= Han Feng =

Chinese businessman

Han Feng (韩锋) was a Chinese businessman. He was a member of the Chinese Communist Party (CCP) and a senior official of China Tobacco. In early 2010, he was fired and expelled from the party due to corruption and his love life being exposed on the internet from his diary. The scandal soon became one of the most popular stories in Chinese cyberspace. Despite the scandal and arrest, most netizens overwhelmingly believe Han Feng is a good CCP official.

==Career==
Han was born in Qinzhou, Guangxi, China. He originally attended Guangxi University and studied Chinese language. After graduation he went to Shangsi County and was selected as Qinzhou office secretary. After 1988 he became the tobacco secretary of the Guanxi region. Ten years later he became a director of the China National Tobacco Corporation. He married one of his classmates who also worked in a tobacco bureau. On February 26, 2003, he was made head director of its Laibin municipal bureau. In 2009 he was transferred to the Guangxi tobacco monopoly bureau as a director of the sales division.

==Arrest==
On March 13, 2010, Han Feng was arrested and expelled from the CCP. After investigation, Han, at the age of 53, was removed from his tobacco bureau division chief post for allegedly accepting bribes totaling 482,000 yuan.

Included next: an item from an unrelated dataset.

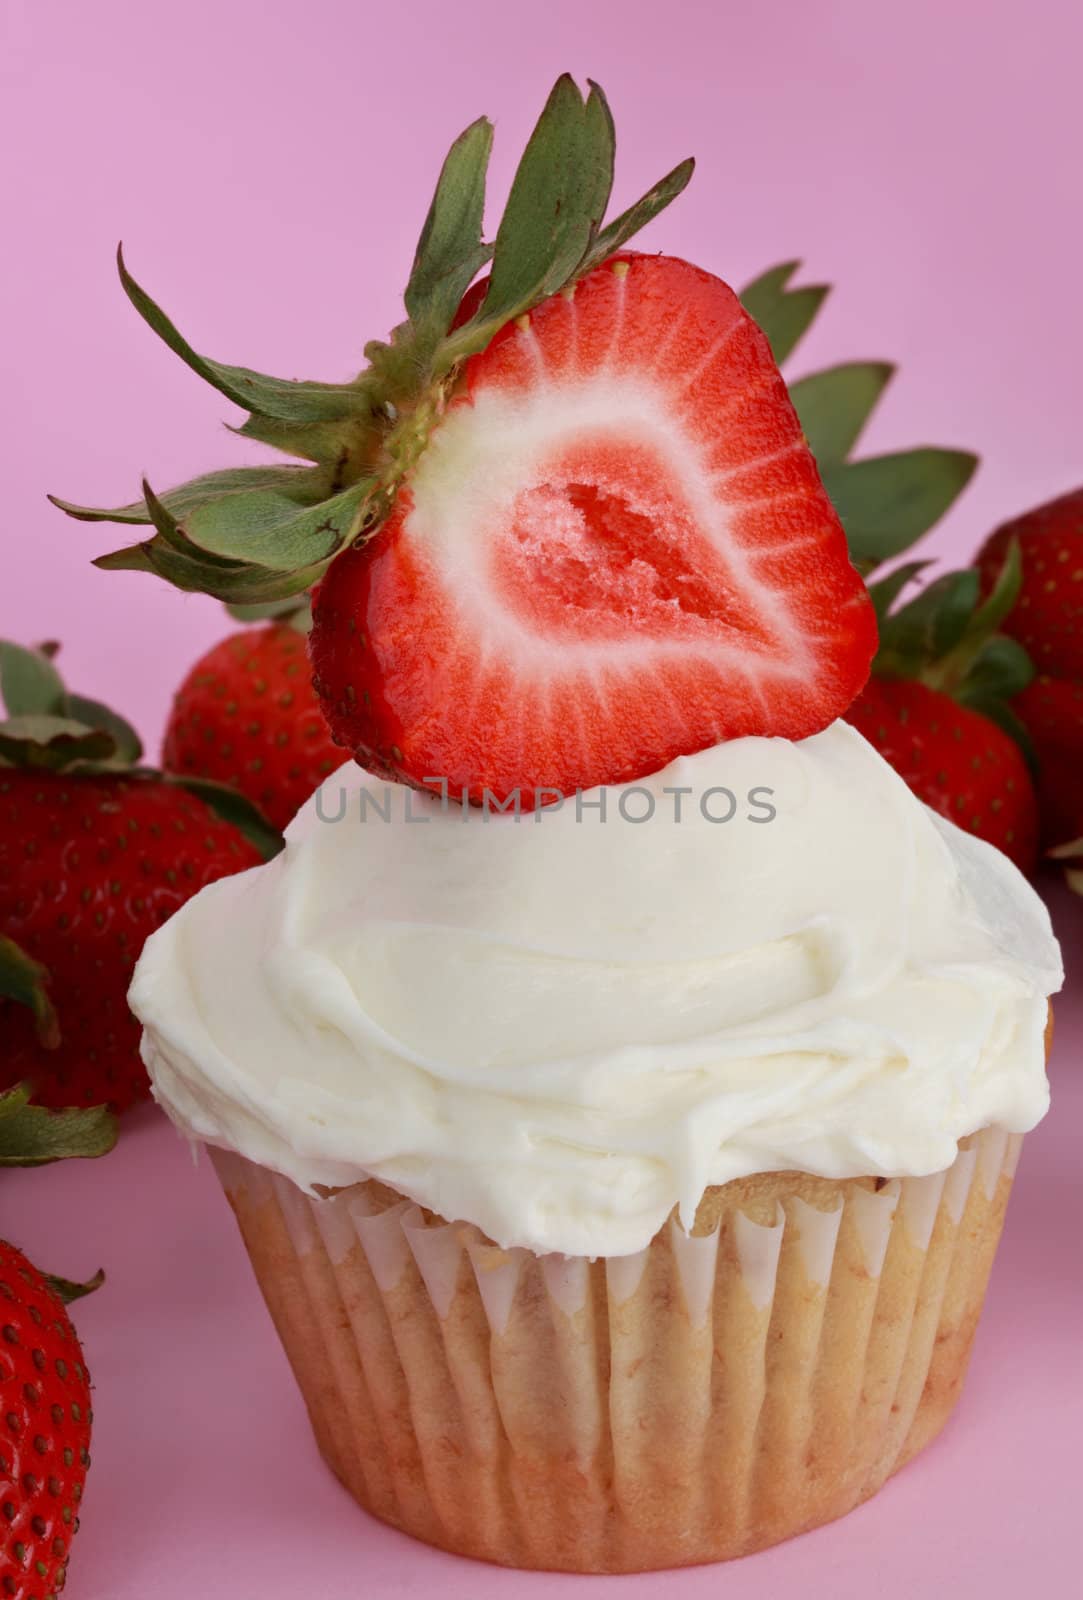 cupcake with white sugar icing and strawberry, pink background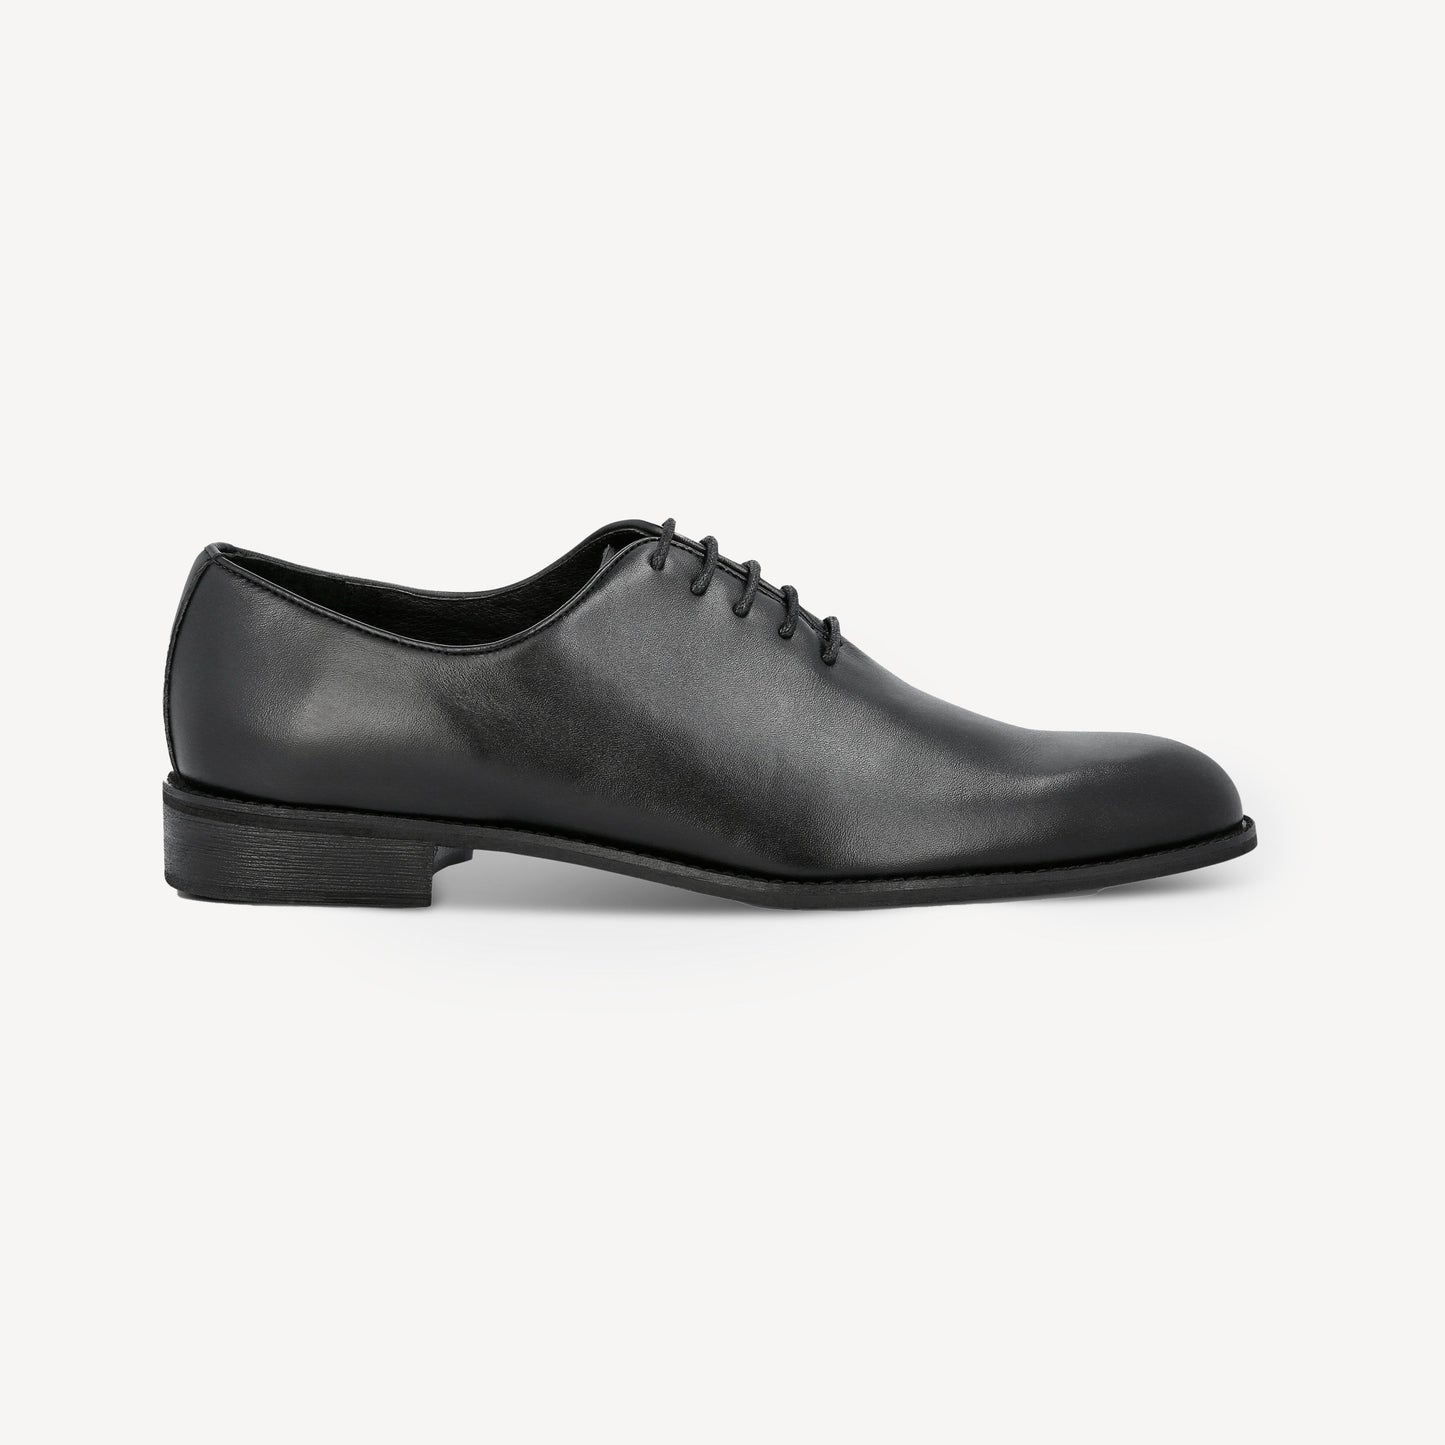 Black Oxford Shoes - MITCHELL by SuitShop

He also accepted an apartment worth 300,000 yuan. The bribes were taken between 2002 and 2010.

==Responses==
A star blogger, Han Han wrote a post titled "Han Feng is a good cadre" which commented on the online leak of the diary. The blogger said that Han Feng was a good official since the amount of bribes and number of sexual relationships he had was no comparison to other CCP officials. He then conducted an online survey and concluded that 96% of 210,000 voters with independent IP addresses felt Han Feng was a good official.